Quote Originally Posted by Sargent View Post
As to the MRE point, it should be remembered that the MRE is not formulated for long-term consumption. It's a stop gap, it's a means to provide interim caloric and basic nutritive needs, but it is not an answer to the subsistence needs. On a less tangible basis, one could be concerned about the cohesion effect of constant MRE feeding -- the nature of the meal is such that it can tend to degrade the group dynamic by pushing people apart during an activity (feeding) that is most enhanced by the group. How we eat is as important as what we eat. (I am a believer in the small intangibles in the military effectiveness equation.)

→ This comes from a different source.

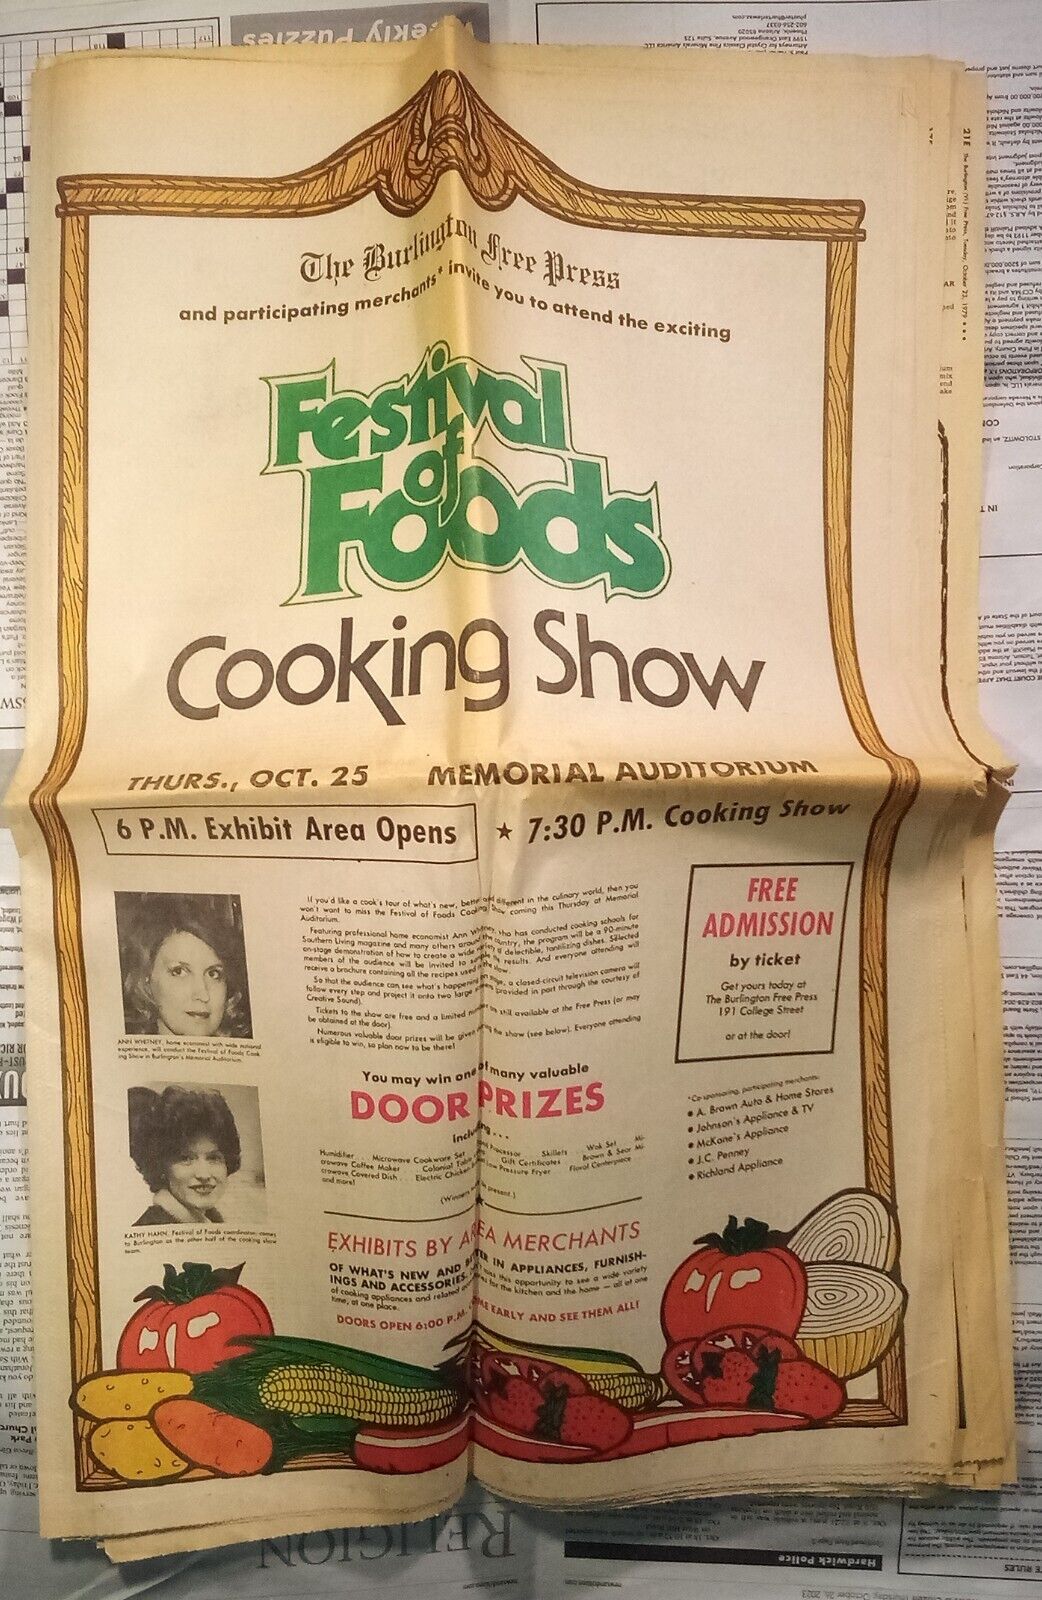 1979 Burlington Free Press Festival of Foods Cooking Show Newspaper Sections

Eating has always been a pretty social activity in the field army, going back quite a ways and no matter the type of rations. Old Army accounts stress small units (sets of four, platoons, squads) sharing food and cooking gear in the field. The transition to C-rats didn't change this dynamic much. If the tactical situation allowed the troops to get together to eat, they seem to have done so with great regularity. Ken and others could speak to actual field conditions in Vietnam, but most accounts I've read stress the "C-rat chef" in just about every small unit and the pooling of rations to make better (or at least more varied) meals out of the rations. This also tended to make units eat at more or less the same time (as allowed by the tactical situation). I'm not sure that this is necessarily recreated at the mess hall unless units march there in formation and eat in a similar manner. Again, based on anecdotal accounts (and plenty of civilian experience at campus dining facilities, which in some ways are mess halls....), an open mess tended to allow people to go in small groups based on friendship and not necessarily unit organization. You'd also get those who preferred to eat on their own and thus avoided the whole mess hall "experience."

But, as with most things like this, YMMV.